Лева посмотрел на бутыли с лекарствами, истории болезни — кажется, все было и порядке.
— Не вижу, — ответил он.
Доктор Крих наклонился и стал аккуратно, полено к полену, укладывать дрова, лежавшие у печи:
— Поймите, в нашей жизни так мало красивого, мы должны стремиться к тому, чтобы все лежало аккуратно, тогда и работать легче будет.
Так говорил этот старый врач. Лева был благодарен Богу, что на первых шагах своего медицинского поприща он имел таких прекрасных старых врачей, опытных руководителей, как хирург Троицкий, доктор Чапчакчи и, наконец, доктор Крих. У них Лева многому мог научиться, и не только врачеванию в собственном смысле этого слова, но и отношению к больным, и той жертвенности, которою отличались старые врачи.
Настал день, когда по каналу прошли первые суда. Труженики ликовали — это был и их праздник. Кроме зачета рабочих дней, многих освободили досрочно, многим скинули срок. Леве сбросили один год заключения. Многие и многие собирались, прощались и уезжали домой. С другой стороны, ввиду того, что работы кончались, заключенных готовили этапом перебрасывать в другие лагеря. Жаль, до слез было жаль и неохота прощаться с другими братьями и сестрами, с которыми вместе делили радости и горести.

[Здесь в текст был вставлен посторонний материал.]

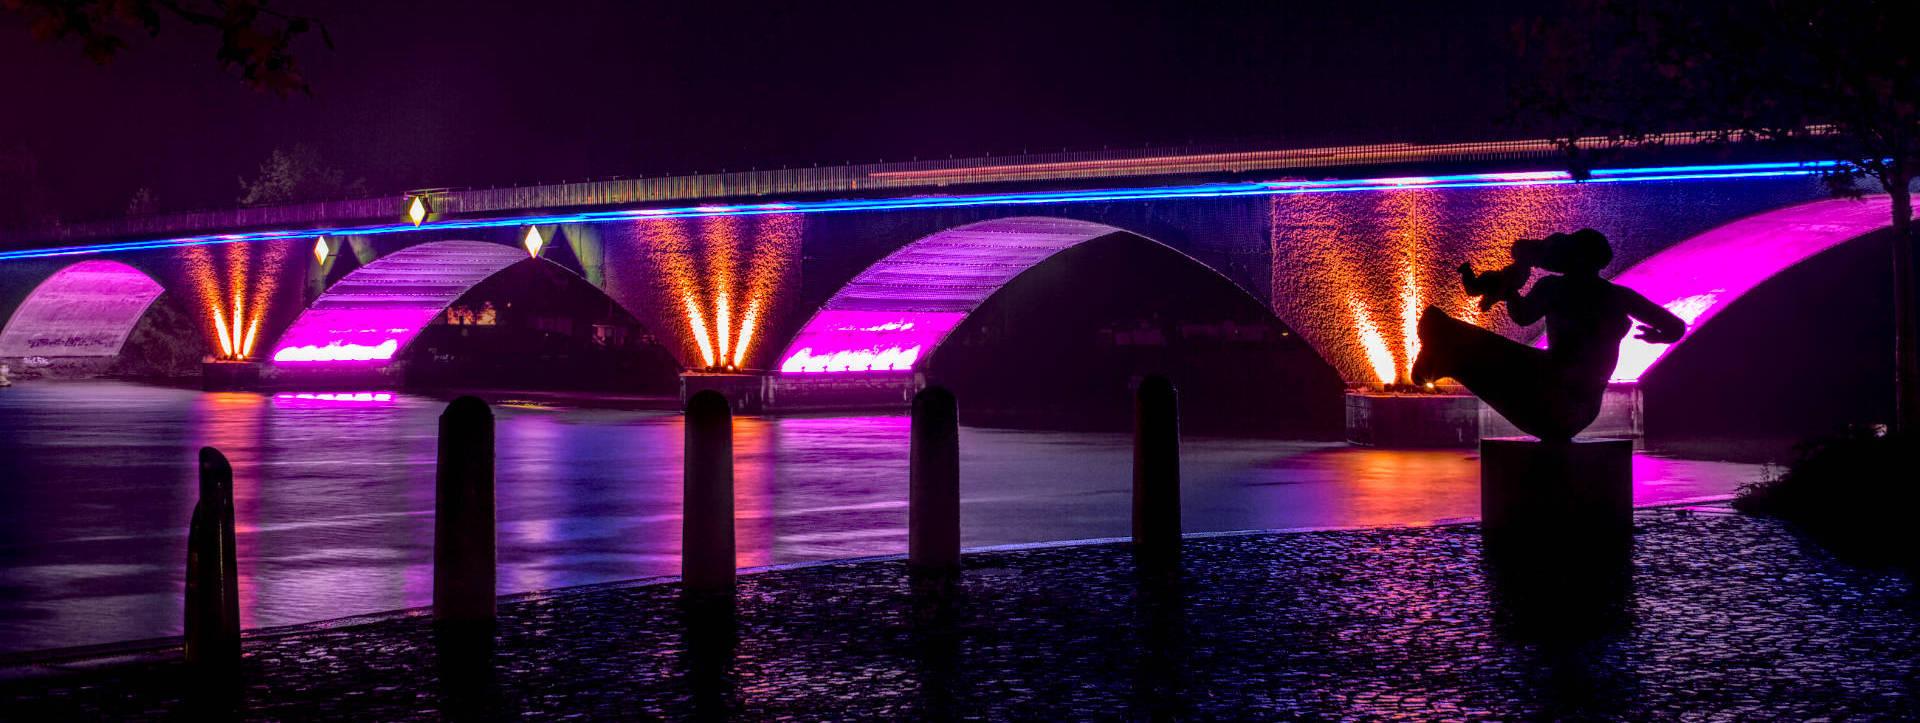 technische Lichtprobe der Stadtbrücke Schwedt/Oder

Как-то раз, когда Лева занимался с больными, он увидал, как мимо лазарета гнали этап: там были братья-белорусы. Он выскочил в халате и побежал за этапом, часовые пропустили его. И он обнимал, целовал отъезжающих братьев. Сыпались пожелания благословения и главное взаимное пожелание: «Будь верен до смерти…»
Казалось, у Левы, так вес думали, было все спокойно, и тот конфликт, который произошел с Евангелием, был исчерпан. На самом деле это было не так. Каждый месяц, я иногда и чаще, в глухую полночь он просыпался от толчков: на него был направлен свет электрических фонарей, кругом стояли военные.